Недавно в Казани был такой случай: под конец прошлого года менты пасли сеть салонов игровых автоматов. Им не понравился один человек — двойник Стаса Пьехи, назовем его С., — который был вообще не при делах, а то ли входил в игровой салон, то ли из него выходил, то ли вообще мимо проходил. Полицейские к нему пристали, сказали, что он пьяный, и потащили в отдел. Там его избили, после чего отпустили, поскольку предъявить ему было нечего. Он пошел в больницу, «зафиксировал» побои и обратился в Казанский правозащитный центр. Но юристы ничем не могли ему помочь, потому что был конец года, когда вся статистика по должностным преступлениям уже была закрыта. Шанс возбудить уголовное дело против полицейских появился только в марте. Несколько раз так было: дело идет на возбуждение весной-летом, а осенью всякое движение по нему затихает.

Все дело в том, что слишком большая статистика по должностным преступлениям в регионах никому не нужна: она бьет по МВД, она бьет по УСБ, которое не в состоянии само раскрывать преступления, да и по Следственному комитету она тоже бьет — ведь за ростом раскрываемости последует спад, который очень плохо отразится на показателях ведомства.

На это накладывается противоположная картинка: у оперативников есть своя статистика, им тоже нужен определенный процент раскрываемости На них висят нераскрытые дела. Соответственно, под конец года происходит скачок по числу фактов полицейского насилия.
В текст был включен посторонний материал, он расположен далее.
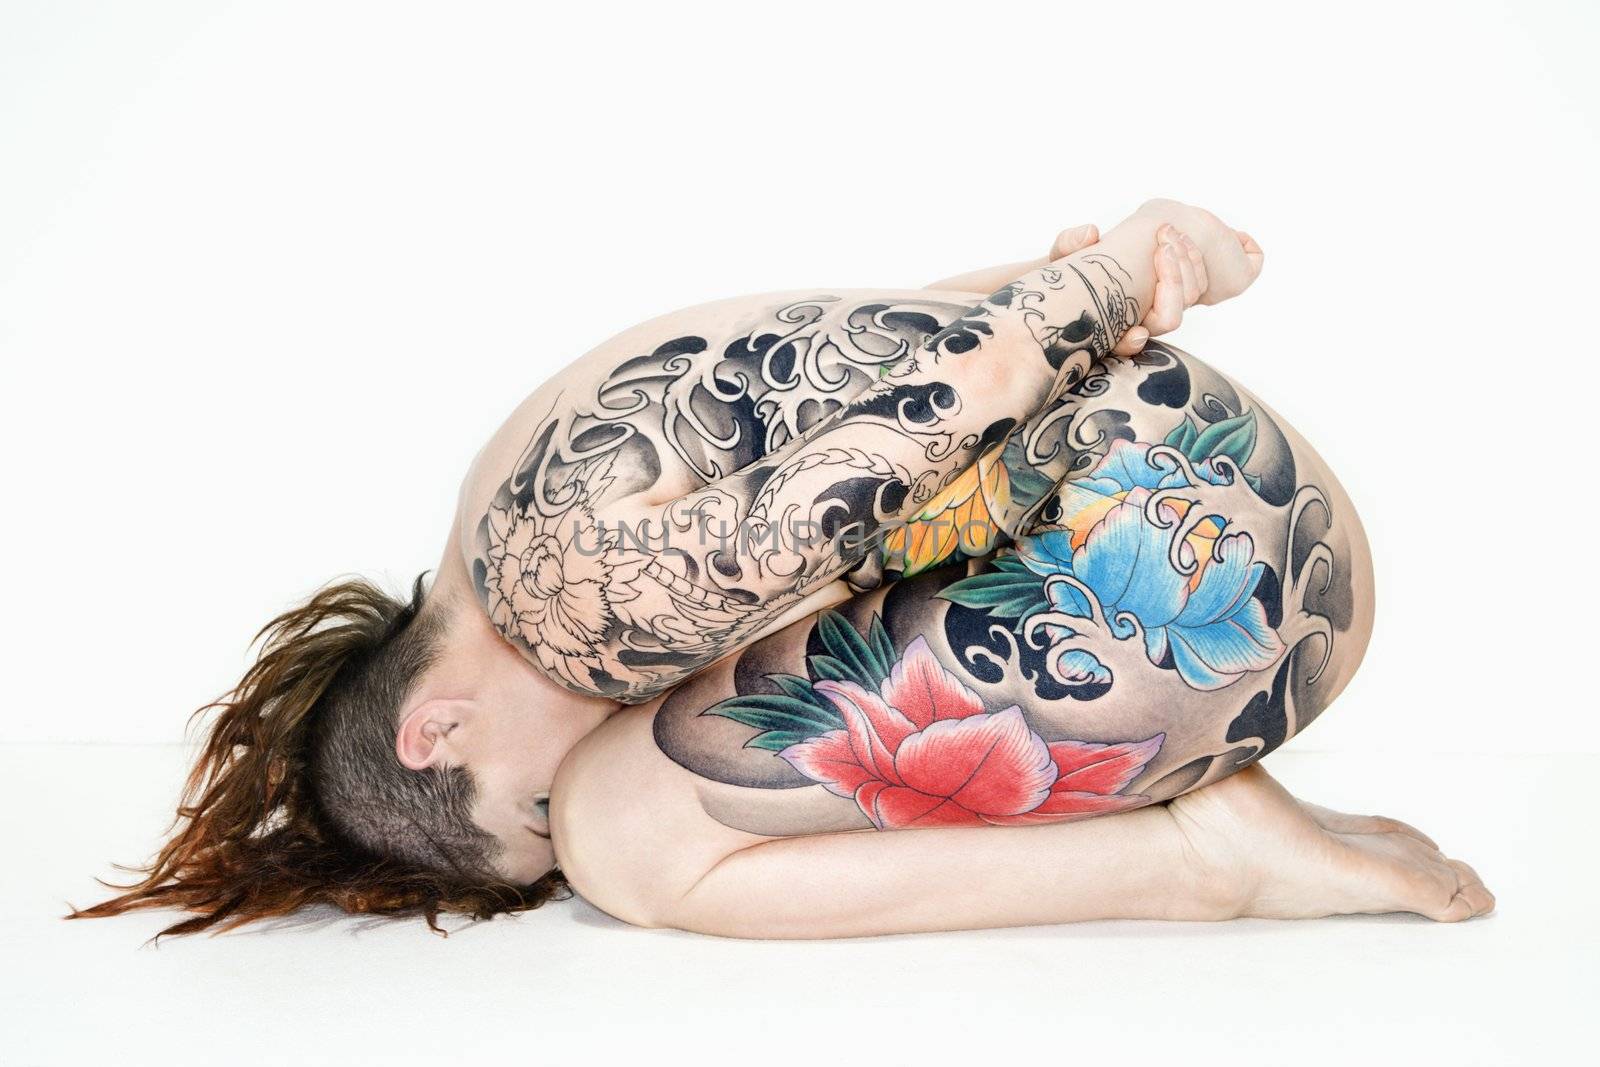 Nude caucasian woman with tattoos sitting on floor.

Этот график растет, возможности СК сокращаются, и получается странная вилка: оперативники пытаются «навесить» нераскрытые преступления на граждан, а те фактически лишены возможности жаловаться на издевательства полицейских. Самый яркий и классический пример: несколько лет назад житель города Чебоксары под конец года был задержан по подозрению в убийстве. Вины он своей признавать не хотел, и его стали пытать: в частности, привязали к ногам чугунную гирю и грозили выбросить из окна. В итоге он выпал из окна вместе с гирей, расшибся, переломал себе позвоночник, и, несмотря ни на что, был отправлен на зону. Уголовное дело в отношении сотрудников полиции отказывались возбуждать двадцать пять раз подряд. Только в этом году, после долгой борьбы, руководителю чувашской правозащитной организации «Щит и меч» Алексею Глухову, удалось добиться отмены отказов, и дело было принято к рассмотрению.

Вот так и получается: должностные преступления с применением насилия — это матрица, и человек, который в нее попадает, не имеет практически никаких шансов добиться возбуждения уголовного дела и привлечения полицейских к ответственности. Если он, конечно, не умер.